Just a day after the launch of its physically-settled Bitcoin Futures contracts, the US Commodity Futures Trading Commission (CFTC) has refused to issue any approvals. Speaking in a recent statement, CFTC said that “LedgerX has not yet been approved by the commission.”
It was recently announced by LedgerX that a clearinghouse and a bitcoin derivatives exchange based in the US would be launching Bitcoin Futures contracts which would be physically settled like Bakkt’s.
Speaking in a statement, the CEO of LedgerX Paul Chou said:
“Not only are they [futures] delivered physically in the sense that our customers can get Bitcoin after the futures expires, but also they can deposit Bitcoin to trade in the first place. Cash-settled is cash-in and cash-out, we’re Bitcoin-in Bitcoin-out.”

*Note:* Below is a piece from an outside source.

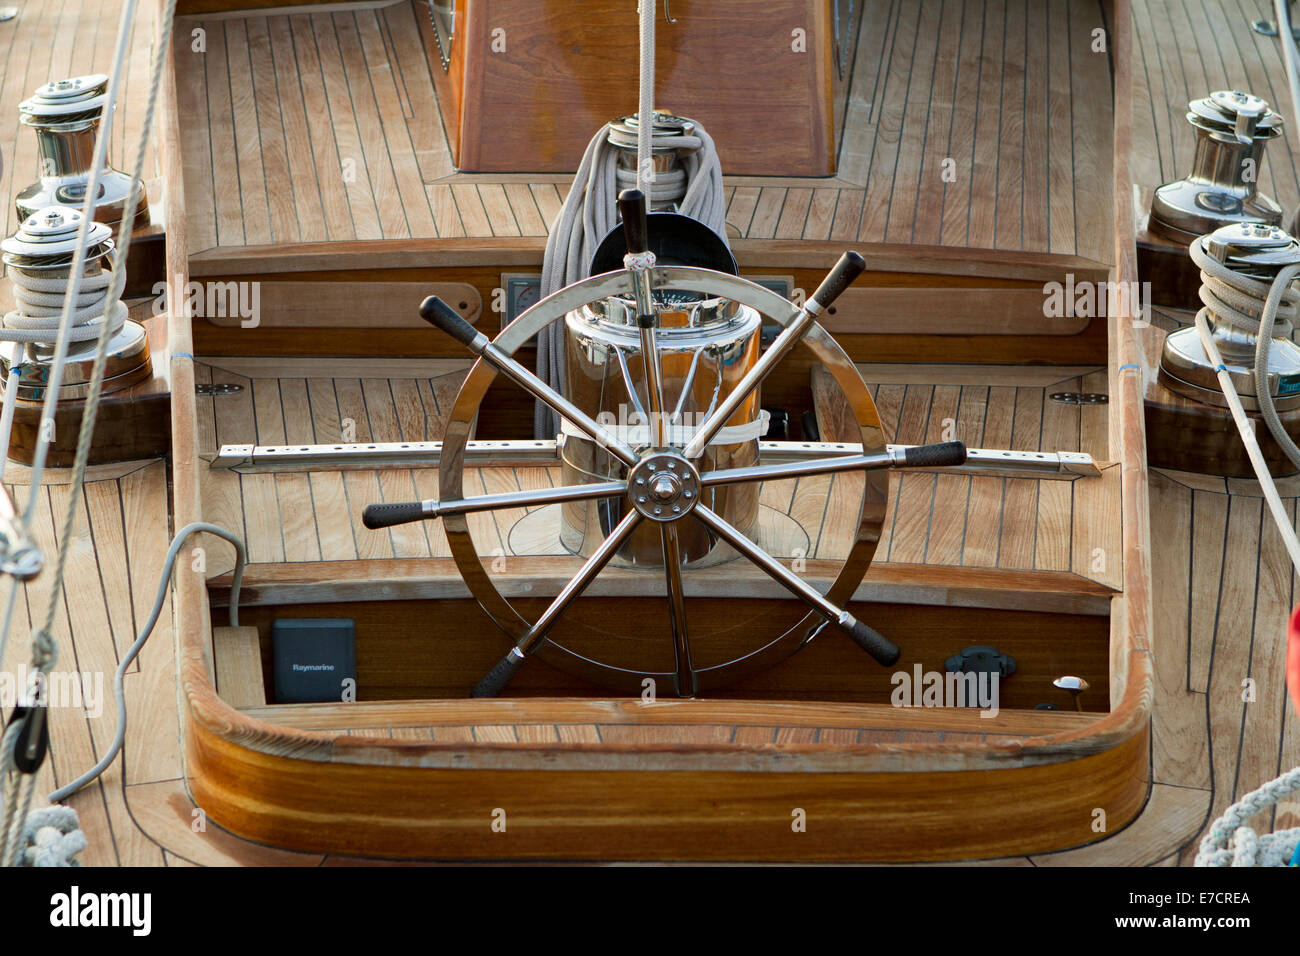 Imperia, Italie. 14 septembre 2014. Le volant d'un yacht vintage participant à Vele d'Epoca classic yachts regatta. Banque D'Images

The LegerX Futures product was open to both individual traders and institutional clients however those looking to trade on the derivatives exchange were required to go through a KYC procedure. According to the platform, retail and institutional traders would have had different accounts. So with this, retail traders would be able to utilise the new Omni platform that has connections with LedgerX while those with millions in assets would use “LedgerX other products.”

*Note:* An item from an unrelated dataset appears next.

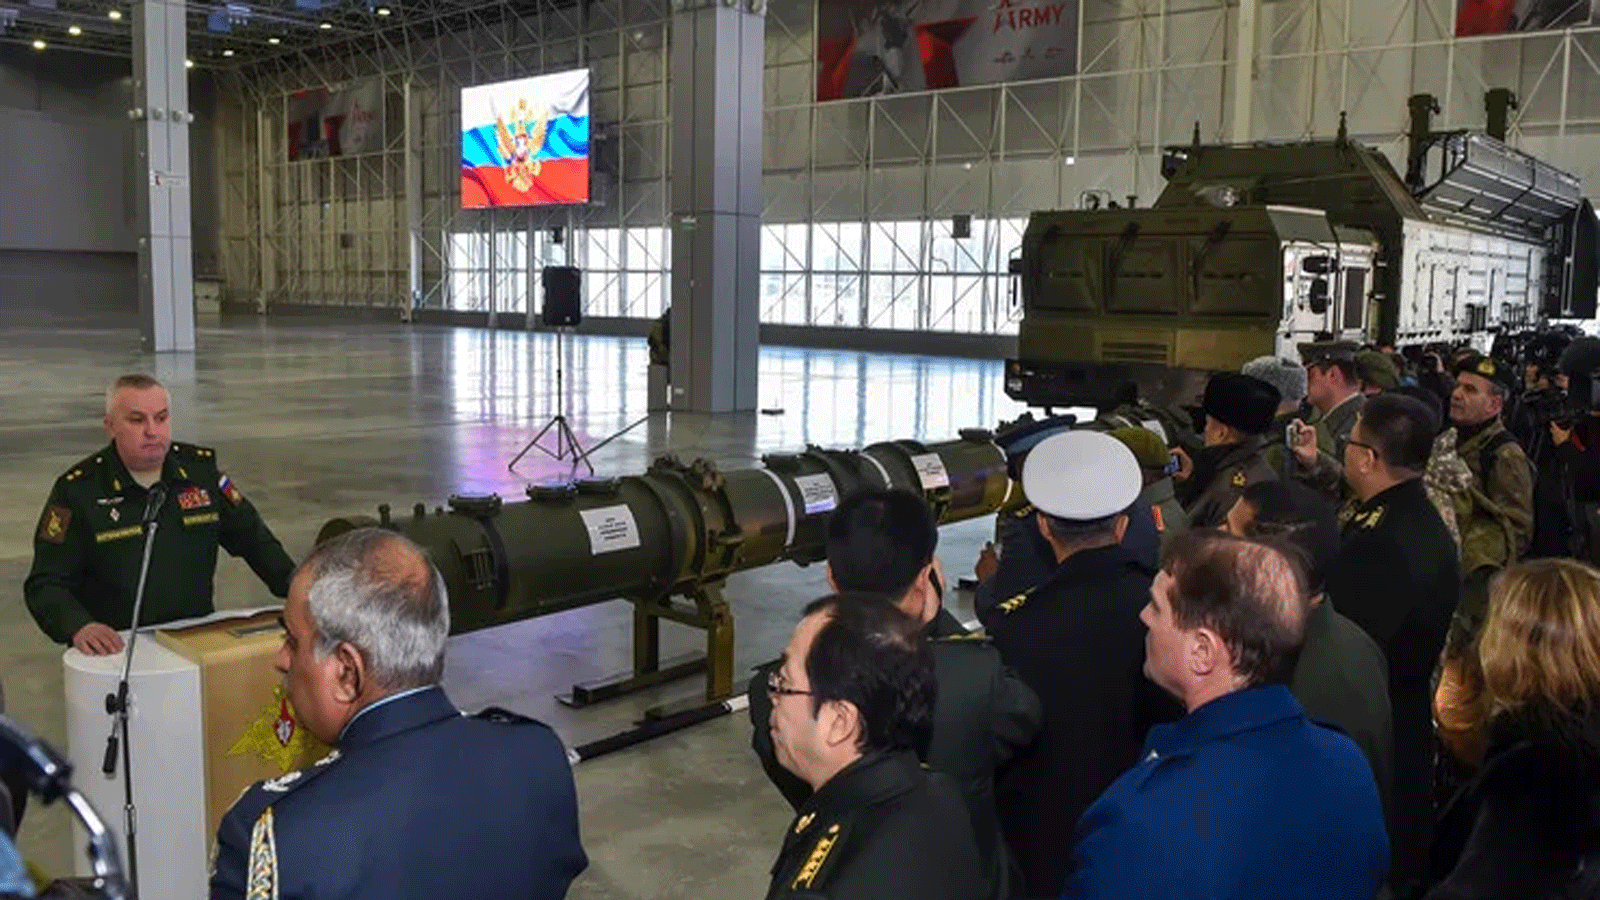 يستعرض مسؤولو وزارة الدفاع الروسية صاروخ كروز 9M729 خارج موسكو في 23 كانون الثاني\ يناير 2019 ، ويصرون على أن مداها لا ينتهك معاهدة القوى النووية متوسطة المدى لعام 1987.

As reported by Ethereum World News, as it is physically-settled, customers who interact with the futures contract would receive actual Bitcoins when the contracts expire. Despite this, bitcoin futures have been able to get into the United States market space. With this LedgerX’s futures contracts were the only ones that physically-settles, competing with Bakkt who are looking for approvals from the CFTC.
Chou went onto say:
“If you imagine somebody that deposits Bitcoin, they would not have to use the US banking system at all. That’s why physically-settled is very important. I think it’s one of the most unique use cases for Bitcoin, where you’re using cryptocurrencies as collateral. As a digital commodity, Bitcoin trades 24/7/365 and our customers expect that from us, so if you trade Sunday night, the banking system did not have to open.”